Whattaya say to that Juno?

While I’m frozen in thought, Joan or Jane must have looked for more interesting conversation (or any conversation) because when I come out of my trance, I am standing alone. I realize that being transfixed on the back of David’s head might call attention to myself, so I turn my back to him, try and get a grip, and plan my next move. I could slip out and…what? Grab a cab that would cost 100 dollars? Take the car and then make the others grab a cab? Spend the night pretending to be sick in the bathroom? All options that get me out of here are viable. I know one thing, though, I’d better quit standing all by myself at the entrance to the Lounge.

Now I’m hyperventilating.

“Hey Suze, are you looking for me?” It’s Bob.
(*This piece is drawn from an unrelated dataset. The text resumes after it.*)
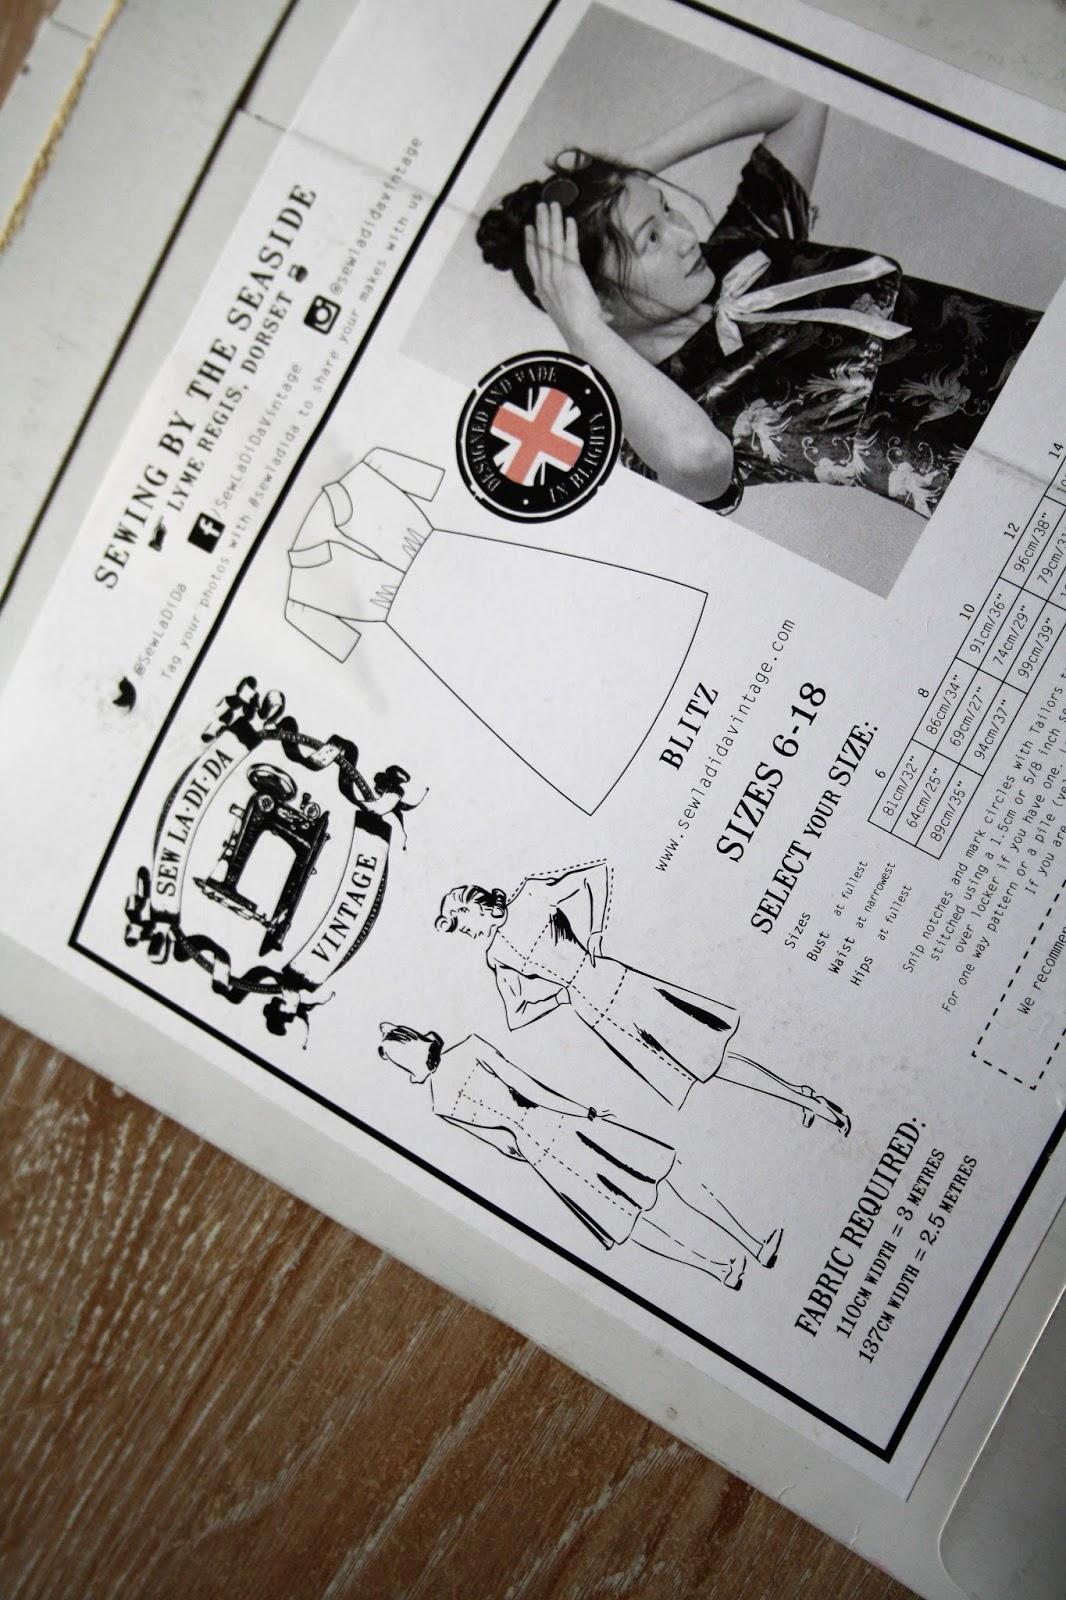 KnitWitsOwls: The Blitz Dress - Sew La Di Da Vintage - Review

He grabs my arm and spins me around just when David’s attention is turned in our direction. Probably heard Bob call my name. Lightening flashes and rumbling thunder drumbeats from a blip in the time/space continuum when we look into each other’s eyes. I am instantly recognized and a big smile of surprise lights up his face. He excuses himself from his small circle and strides over. That stride, that confident gait, that grace; no arthritis in those bones! But is that really David? That’s David? I’m so startled at what I see that I hope my mouth has not popped open. Wow! He looks…great!Better! His hair is short and still all there; thick, gray hair. That wonderful, thick hair; but short and all spiky on top. David in a crew cut! Clean shaven. And there’s a cleft in his chin, I never knew he had a cleft in his chin! This is too much, he’s so different and yet it is David. And a suit! I’ve never seen David in a suit; and geez, I think it’s an Armani! (Thanks to Elliot I’ve become an Armani detector.) My David only wore hiking shorts and sandals in summer and jeans and combat boots in winter. This David has gone corporate, and he looks… goood! I assumed the war against the establishment would always be fought by David. Hell, this is too much to digest! I can’t stop these thoughts from whizzing into my head faster than the speed of light. It’s almost like they are feelings more than thoughts.
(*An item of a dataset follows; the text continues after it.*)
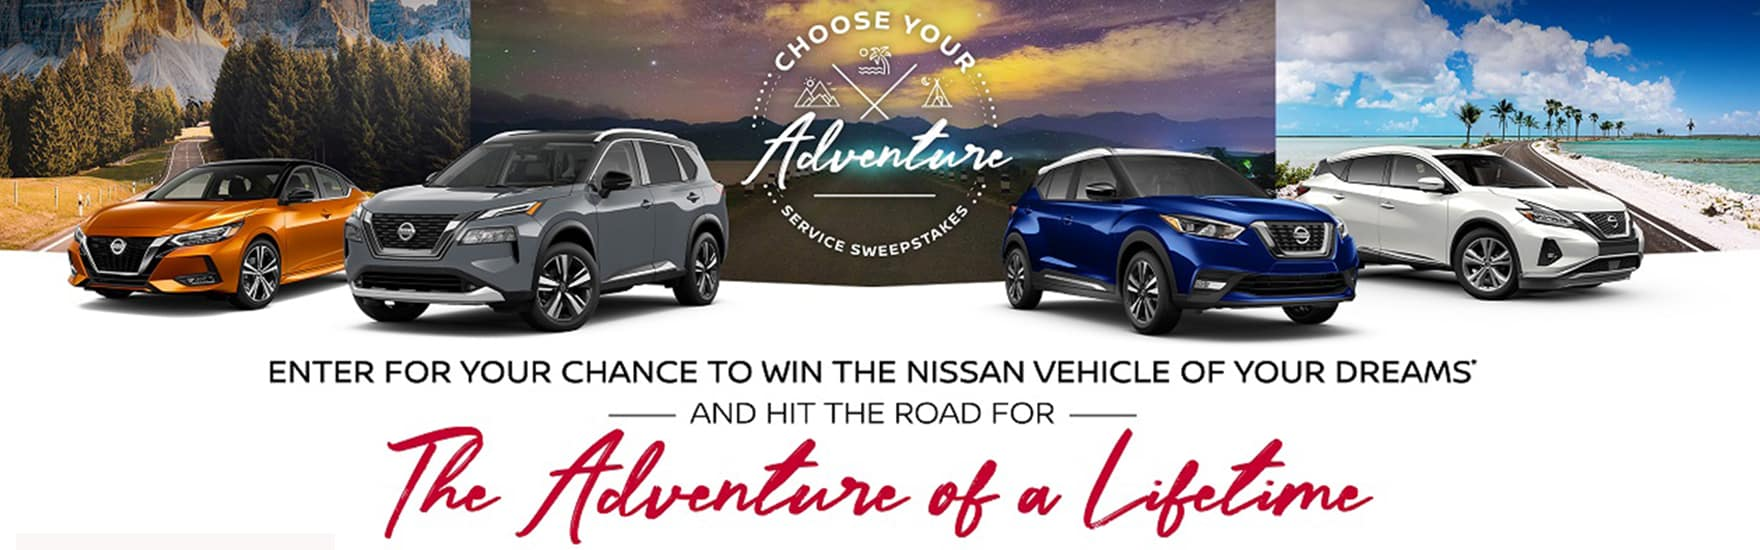 Nissan-of-lumberton-choose-your-adventure-promotion copy

“I can’t believe it,” he says as he hugs me. “This is too much! How wonderful to see you again after all these years.”

I sense Bob’s bewilderment, but I am caught up in the sensuousness of being embraced by David. I guess the chemistry is still cooking in the old Bunsen burner. This is going to be tougher than I ever could have imagined. I mean, I never imagined that I would meet David on this night, in this way, but I have wondered maybe six or seven million times what it would be like to see him again.